Don’t be condescending and arrogant: K T Rama Rao tells Centre

If somebody takes up this posturing of 'I am the giver and you are the taker,' then I have every right to ask them what did you give when I have given you so much.

By Author  |  Published: 13th Feb 2020  6:49 pmUpdated: 14th Feb 2020  1:45 am
K T Rama Rao
File Photo: IT and Industries Minister KT Rama Rao

Hyderabad: Coming up firm with a touch of subtlety, IT and Industries Minister K T Rama Rao on Thursday asked the BJP government to shed its condescending attitude and arrogant tone and tenor while dealing with States.

“If somebody takes up this posturing of ‘I am the giver and you are the taker,’ then I have every right to ask them what did you give when I have given you so much. What we don’t like to hear from the Union government is ‘Humne aap ko bahut kuch de diya,” the Minister said of the running feud between Telangana and the Centre on the issue of rightful devolution of tax funds and Central assistance for infrastructure and developmental projects.

Citing the “original” Constitution adopted on November 26, 1949, to drive home the point that India was a Union of States, Rama Rao pointed out that the word “Central” government does not find mention in the Constitution. “It was Government of India or Union government. India is a Union of States,” he asserted, obviously alluding to the definition of Union (government) as opposed to Central (government) which gives it a notion of centralisation.

The Minister, who was sharing his views on ‘Role of States in Building India’ at the Times Now Summit Action Plan 2020 in New Delhi, observed that as long as the Union government confines itself to creating and enabling an atmosphere that help States to grow and thrive, it would be good for the country. “The stronger the States, the stronger the country, and I think we will do well if they realise this. But, if the Centre starts dictating terms, starts bulldozing States just by way of ideology or by way of posturing, that’s not going to help the country,” Rama Rao said, mincing no words.

When the anchor sought to know if the Centre and States were on a collision course in the past six years, the Minister said it wasn’t the case but was quick to reiterate that it was the condescending attitude that doesn’t go down well with States. “When somebody says in Parliament that we have given a State Rs 85,000 crore, then I will ask him back whether the States are not paying the Centre. Where is the Centre getting money from? Telangana State contributed Rs 2.72 lakh crore to the Central kitty by way of taxes in the past five years, and what did we get back in return? About Rs 1.15 lakh. Where did the rest of the money go?” he asked, adding that what the State demands is only its rightful share in tax devolution. “Telangana State has contributed much more than you can imagine or match,” he added.

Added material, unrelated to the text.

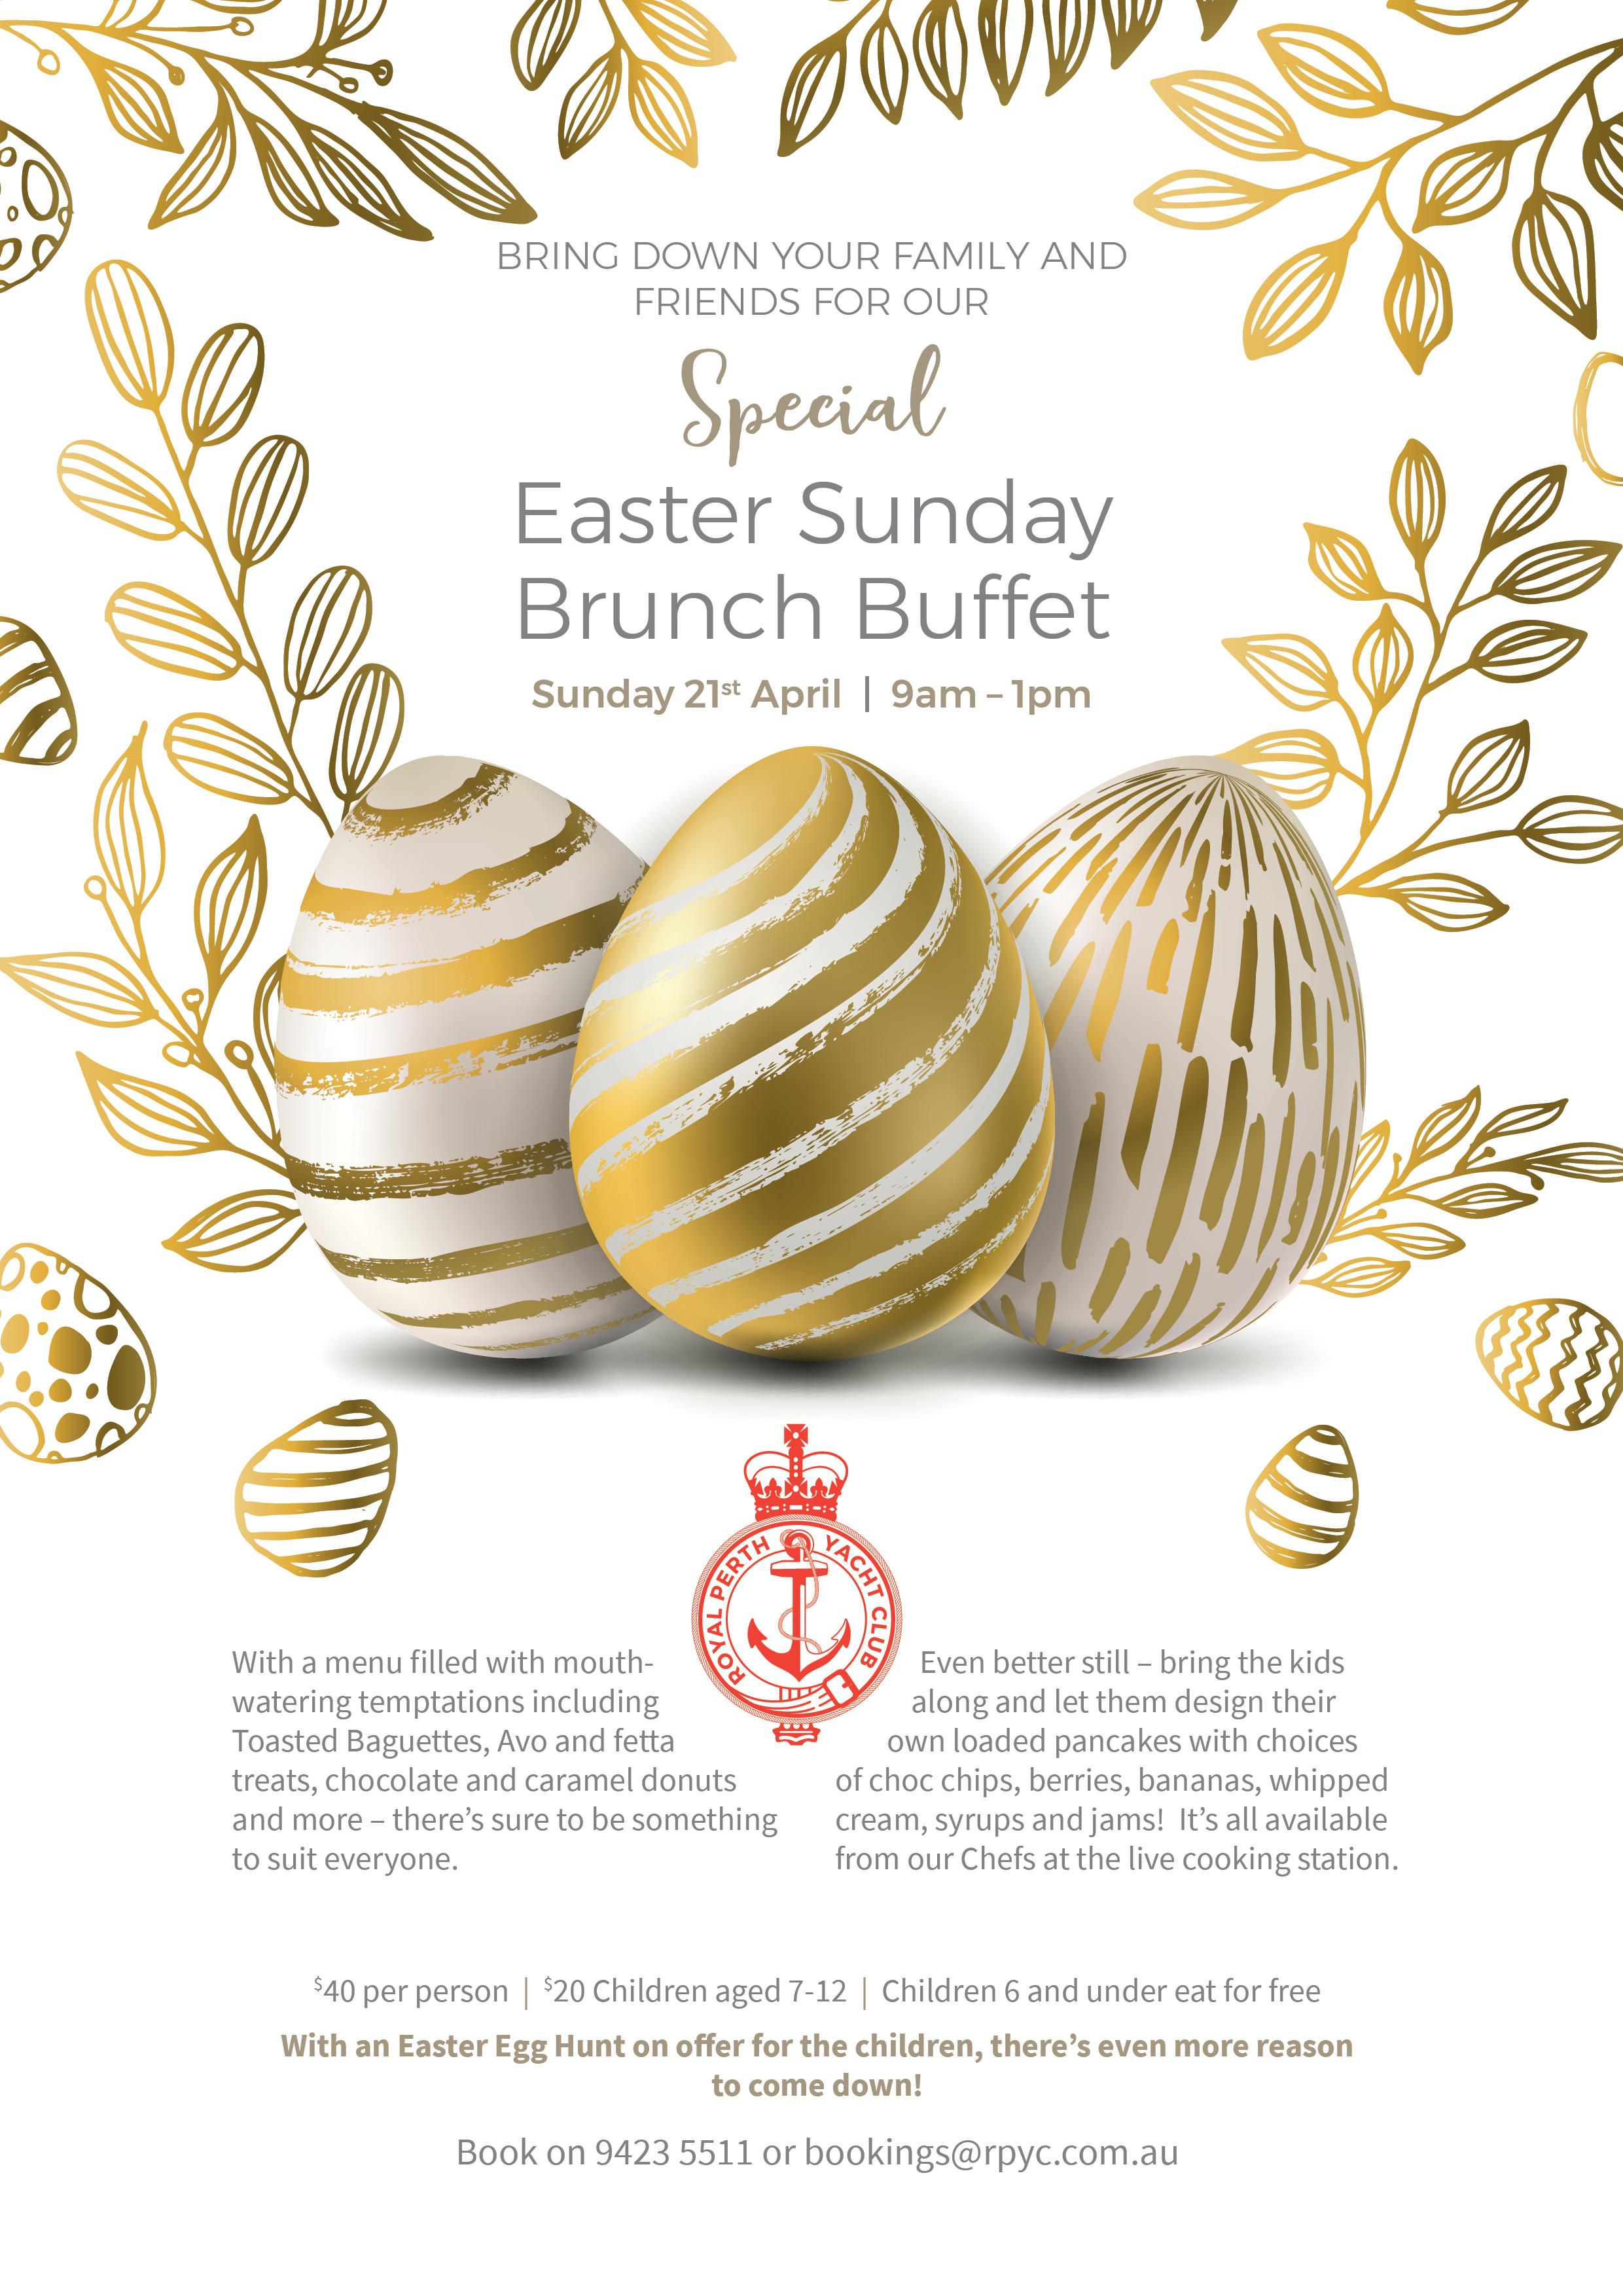 ITW April 2019 Easter brunch

Known for his prowess in articulation of thought and ideas, the Minister, when asked if there was an enabling atmosphere in the country now, was categorical in stating that the States was where action is happening. “For example, you have the Make in India campaign. Ultimately, it the States that have to do all the work – from giving permissions to allotment of lands, providing power, water and incentives. The Government of India has to realise this,” he said.

‘Kal kisne dekha’

Hyderabad: “Kal Kisne dekha,” was IT and Industries Minister K T Rama Rao retort when he was asked about Chief Minister K Chandrashekhar Rao’s possible shift to national politics given the current scenario.

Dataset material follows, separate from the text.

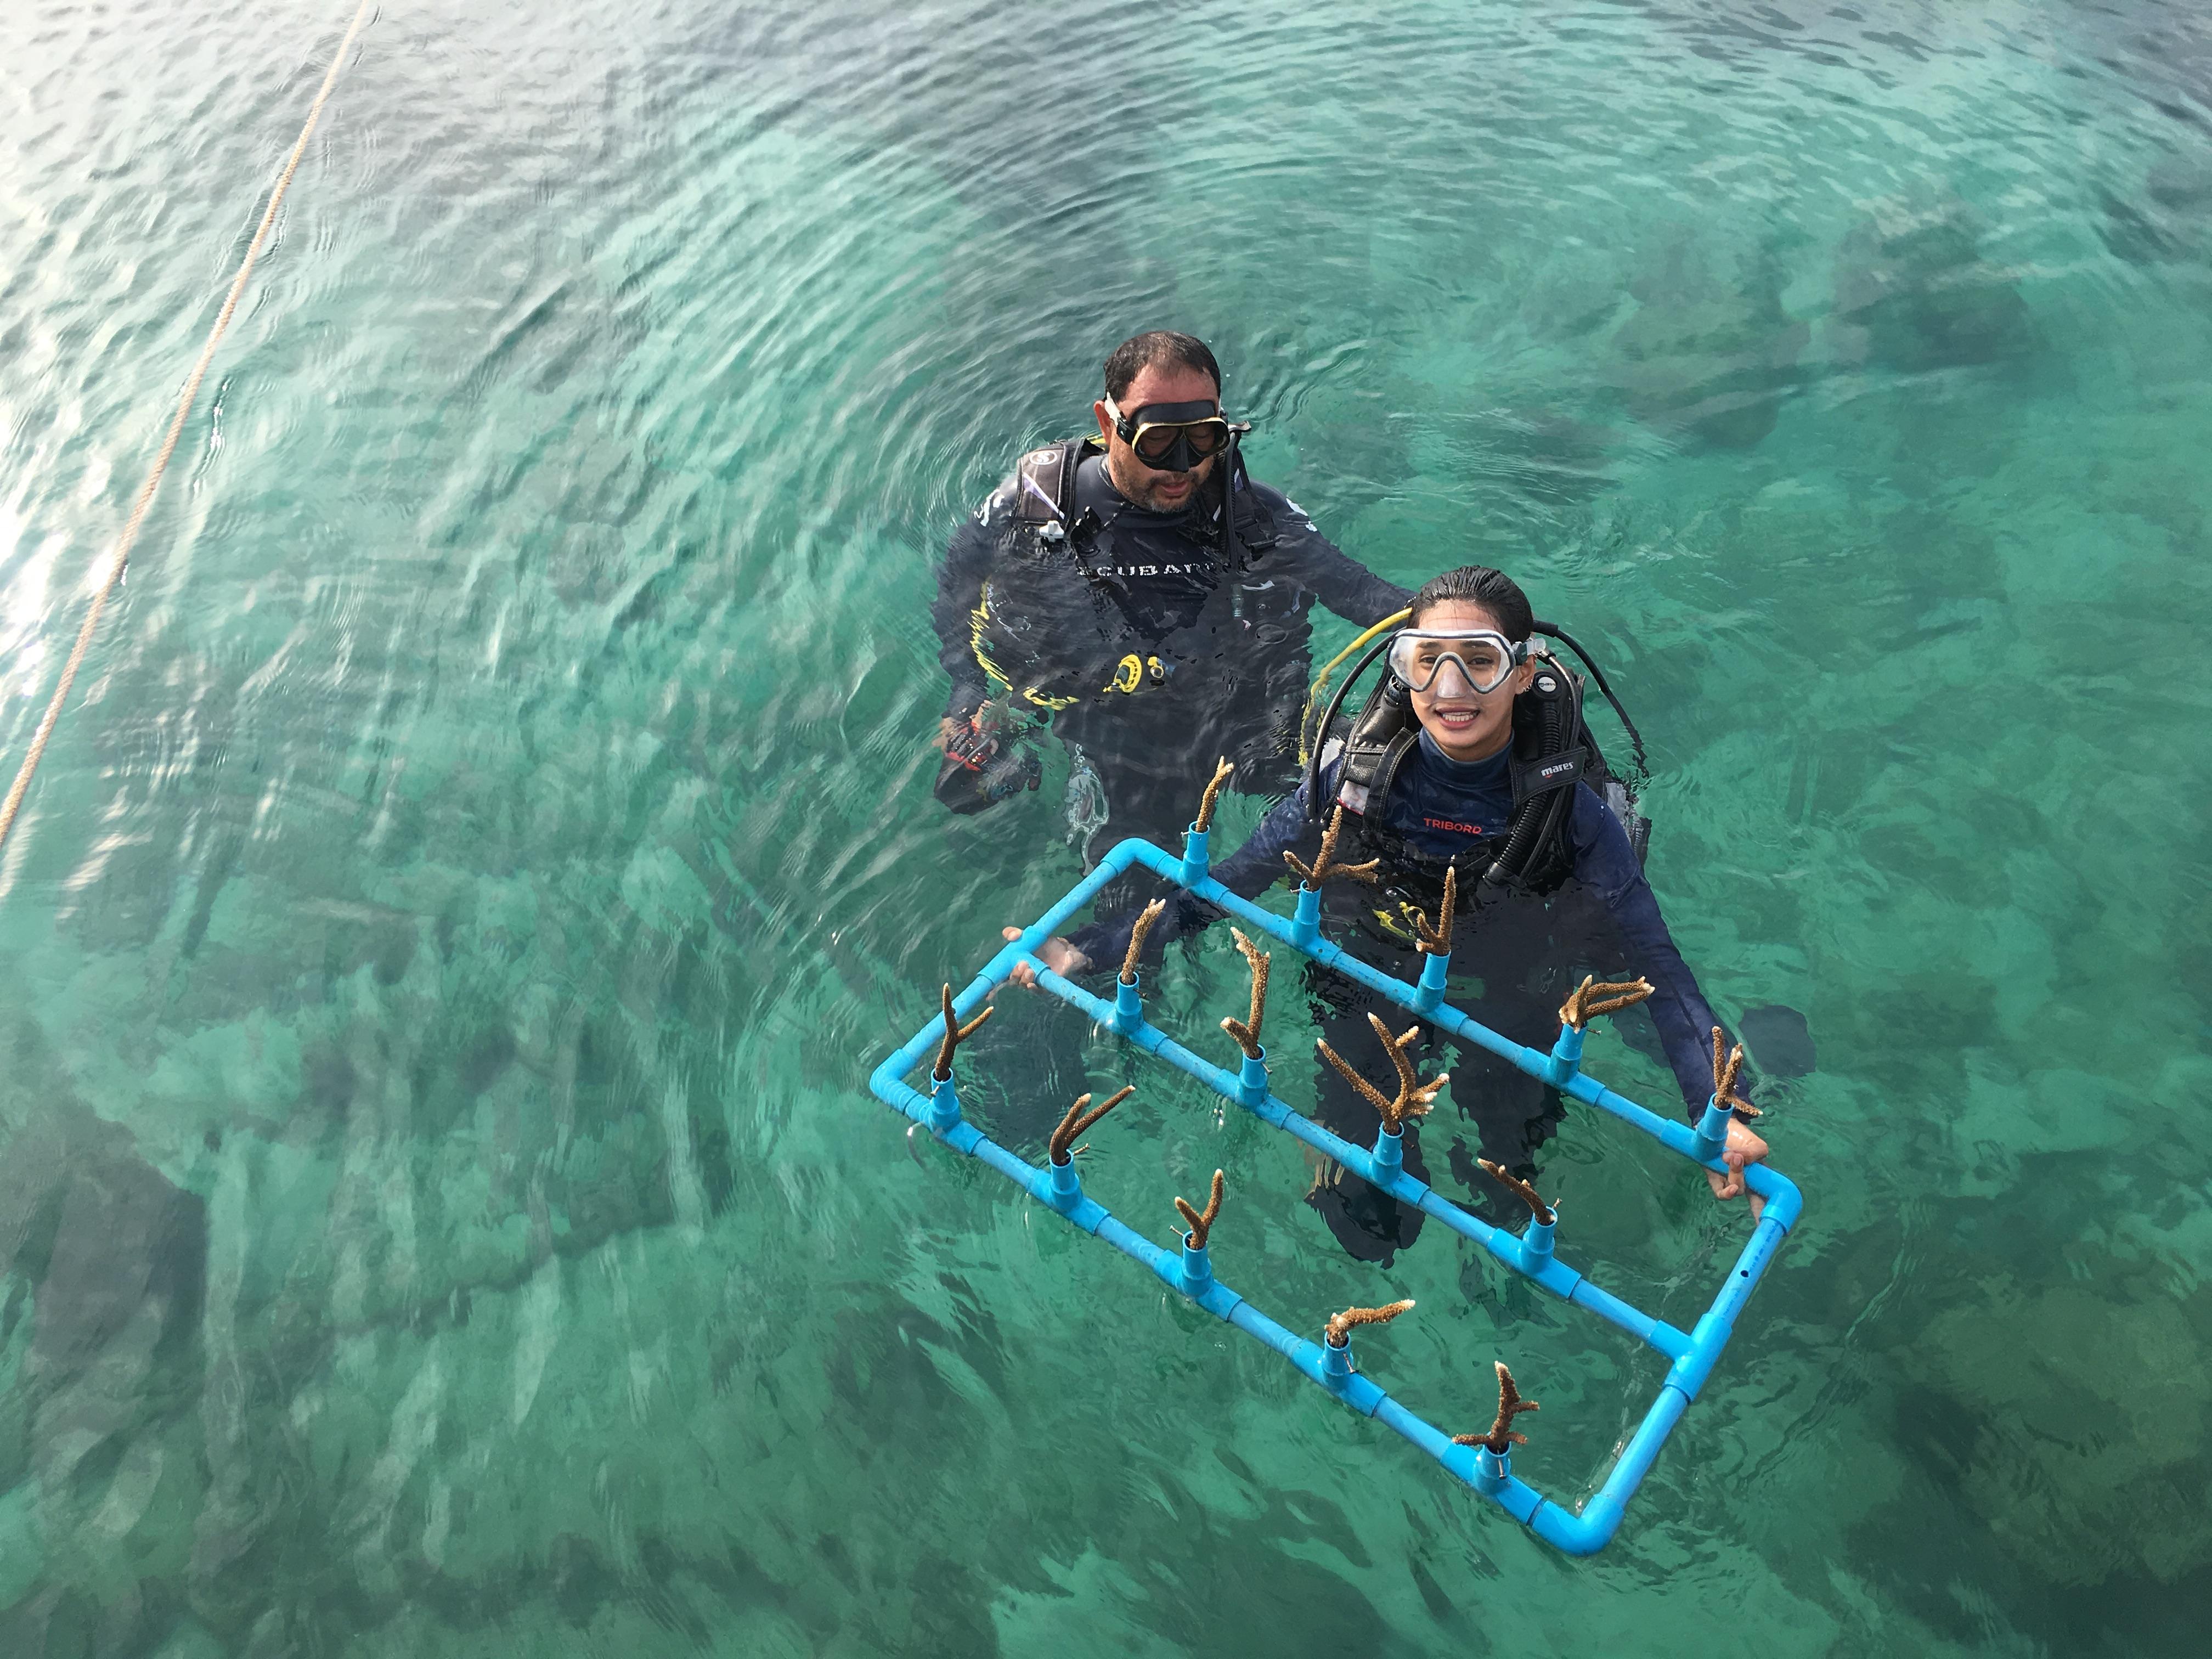 แปลงปลูกปะการัง เกาะทะลุ บางสะพาน

The Minister was speaking on the topic ‘Role of States in Building India’ at the Times Now Summit, where he was asked if there could be such a move given the fact that regional parties had defeated the national parties BJP and Congress in various States. “Kya hoga, kya patha,” he said, if there was any possibility of the TRS striking an alliance with either party. He went on to add that that the question and idea itself was synthetic since one was talking about a situation that could arise in 2022 and beyond.

When a person from the audience sought his response to Hyderabad being considered as the second capital of the country, Rama Rao, while stating that the State capital was showing the way for other cities, said: “I doubt it people of Hyderabad will welcome it.”